So, the method is searched for in the superclass.
if no method in superclass, then next superclass is searched and so on until the Object class is searched.
Since display() is in the superclass, it is found there and is executed.
Suppose a simple subclass with no methods. There is an object of the subclass (not the subclass this time) stored in a SuperClass variable 'var'. The superclass has a display() method. And the subclass has a display() method too with the
Override
statement before it.
superClass var = new subClass
Method lookup process (with inheritance and polymorphism):
execute var.display();
var is accessed.
object stored in 'var' is found.
class of object is found, and it is found to be of the subclass, because at runtime, since the object was statically defined as a superclass type, at runtime the object is actually of the subclass - at runtime.
a display() method with an override statement is found in the subclass.
So, that method is executed.
At runtime, the object is seen as the subclass, but at compile time, the object, because it is stored in a superClass variable, is seen as a superclass.
Notes:
General rules are applied whether there is a discrepancy between the variable type or the object type of the object that is stored in the variable.

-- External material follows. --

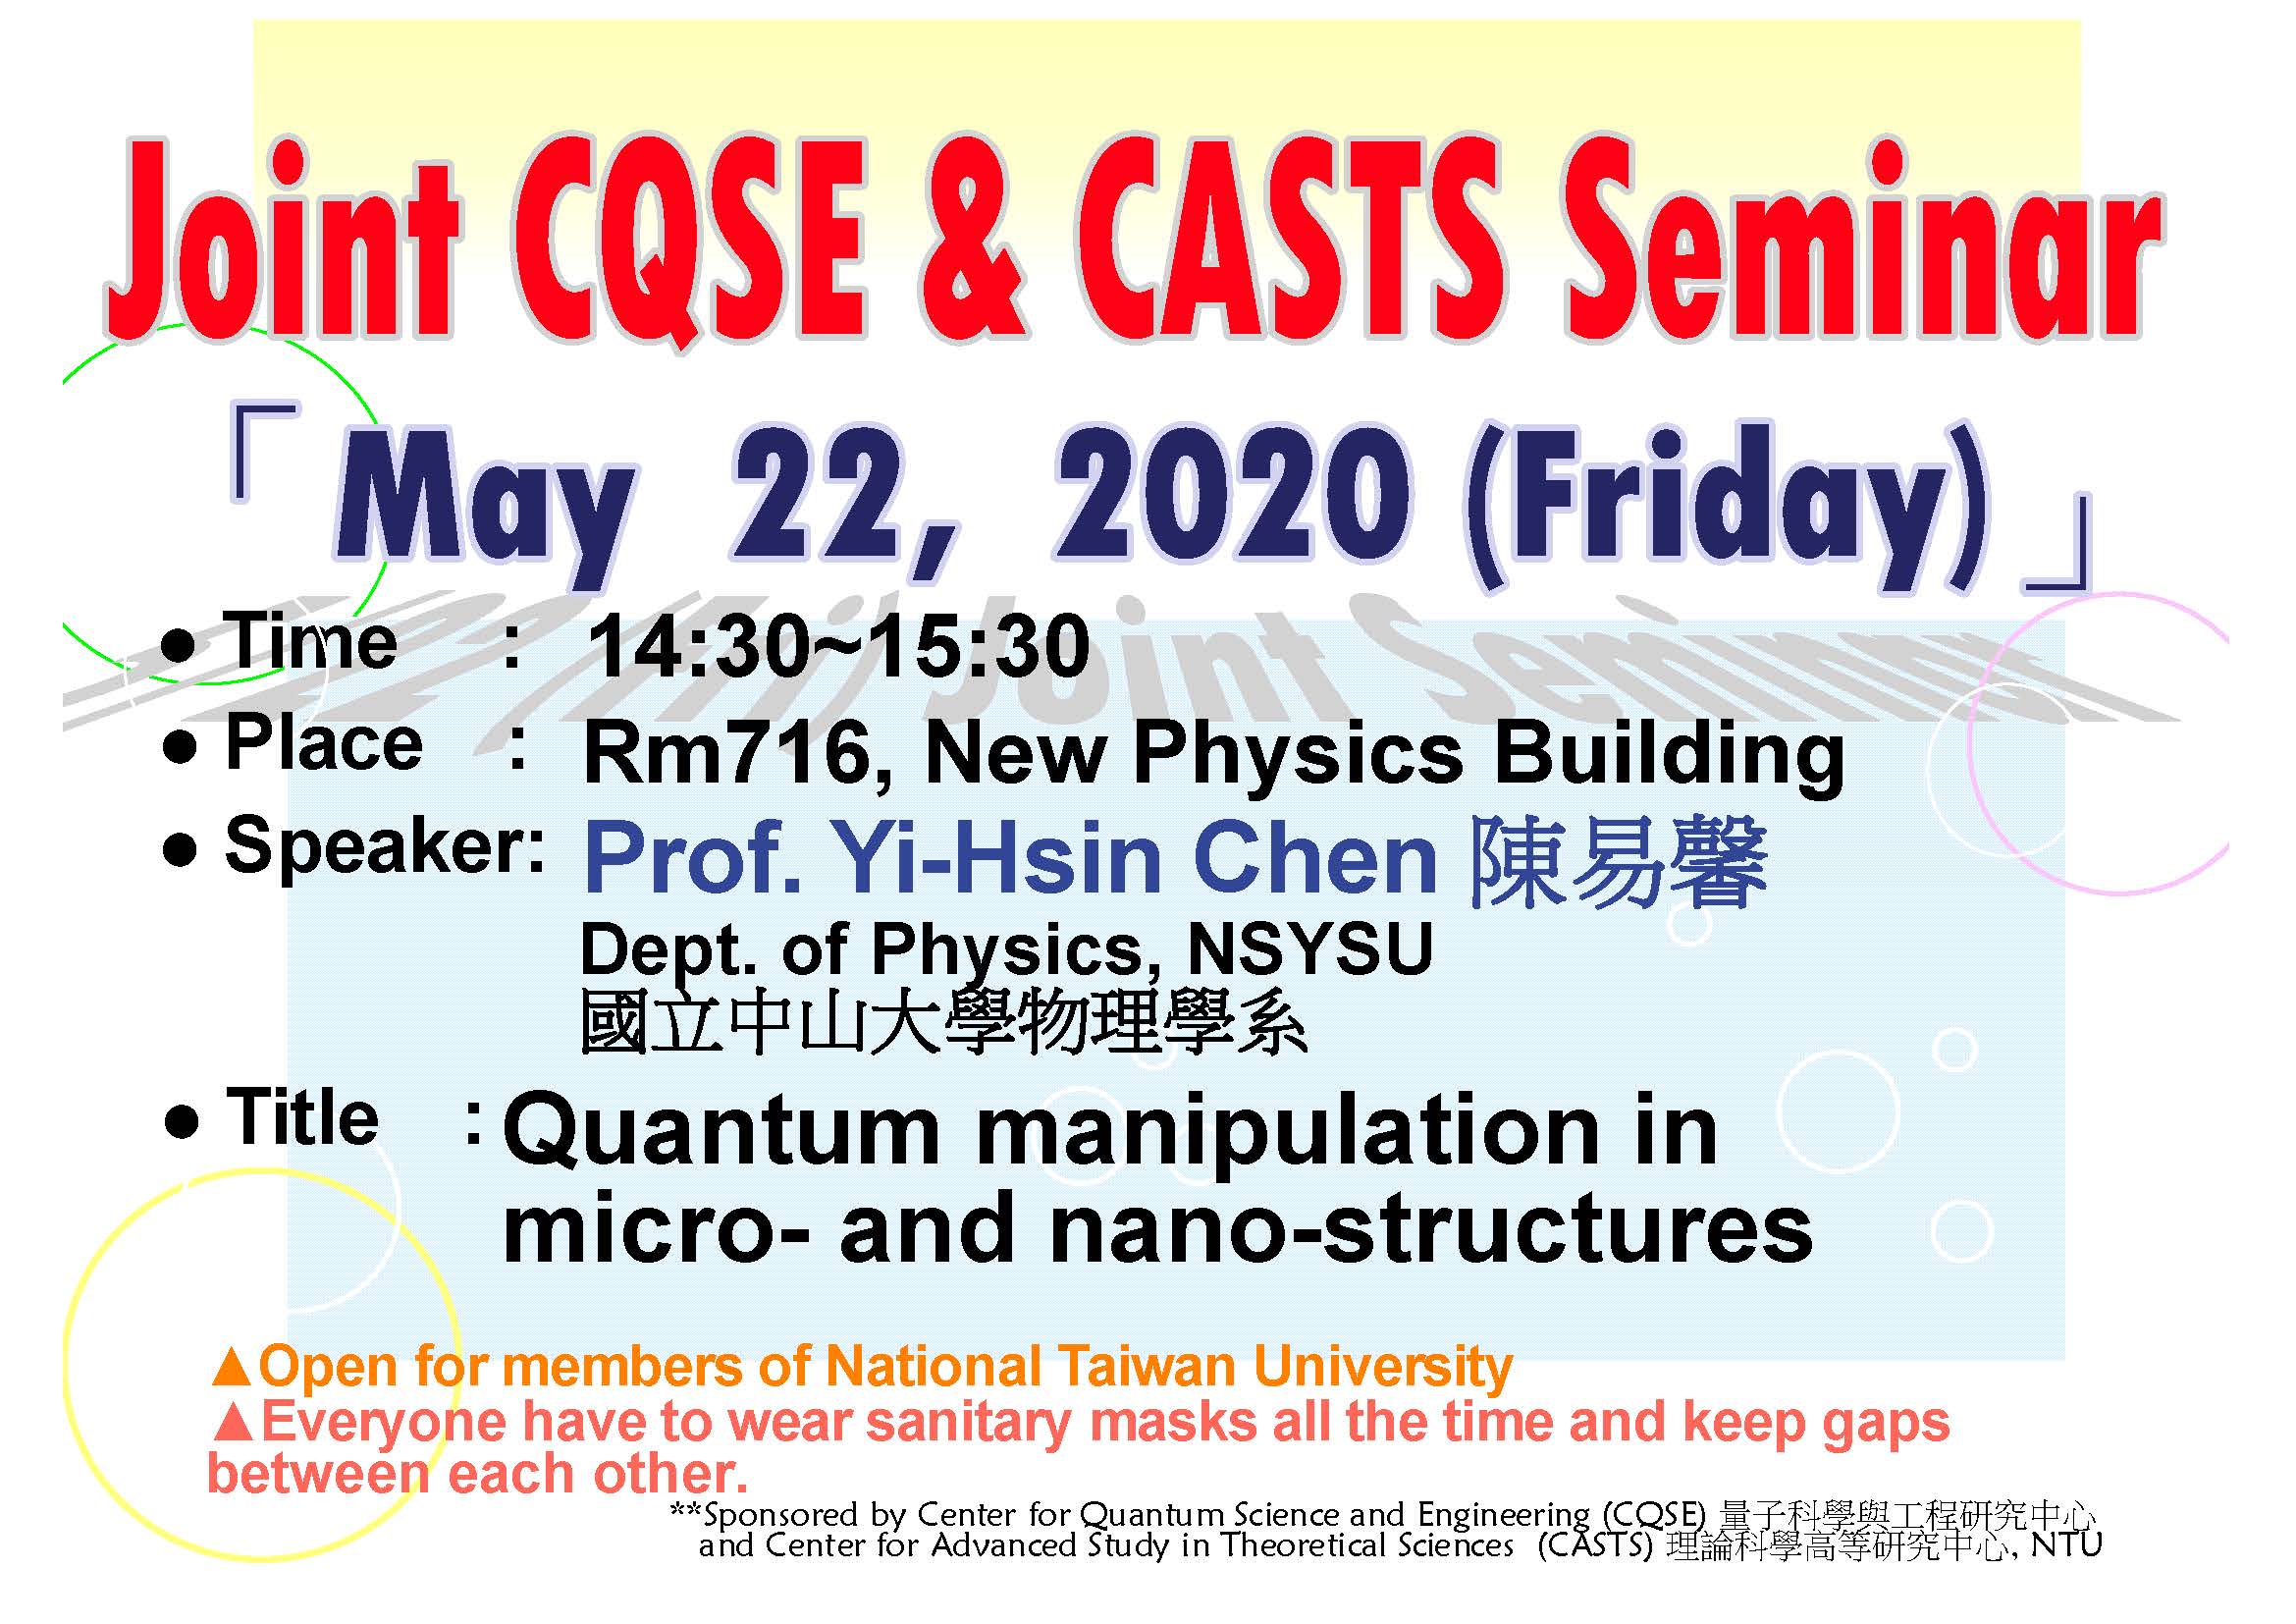 Joint CQSE and CASTS Seminar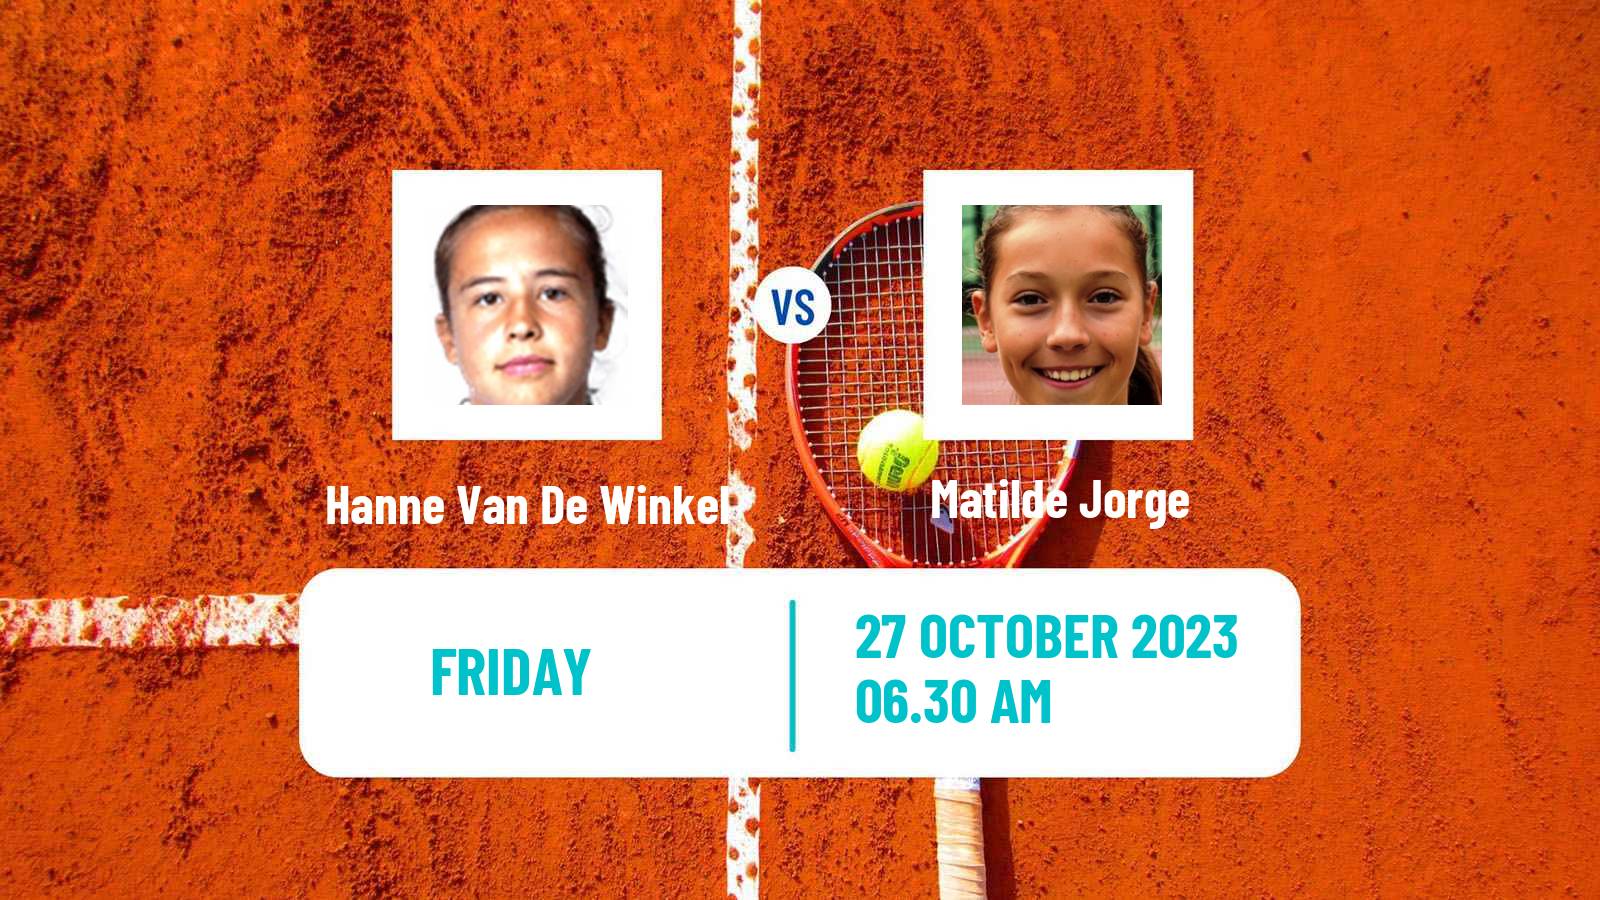 Tennis ITF W25 Loule Women Hanne Van De Winkel - Matilde Jorge

The method that is used is determined by the dynamic type, not the static type.
Override
methods take precedence.
The lowest method in the heirarchy is used (if Override is used). If no override, then the superclass method is used.
To use both methods, one can use the normal var.display(), but then also include super.display() within the subclasses display() method to use the display() method in the superclass.
Point 5 is a form of
method polymorphism
(aka: polymorphic method dispatch).
Remember, a polymorphic variable is one that can store objects of varying types. Method calls can be polymorphic too because their calls could refer to methods in different classes.
The OBJECT class
toString
Returns a string representation of an object - the name of the class of which the object is an instance of, and a memory address of there the object is stored.
Classes can override the toString method by defining the a method with the same name, i.e, public String toString().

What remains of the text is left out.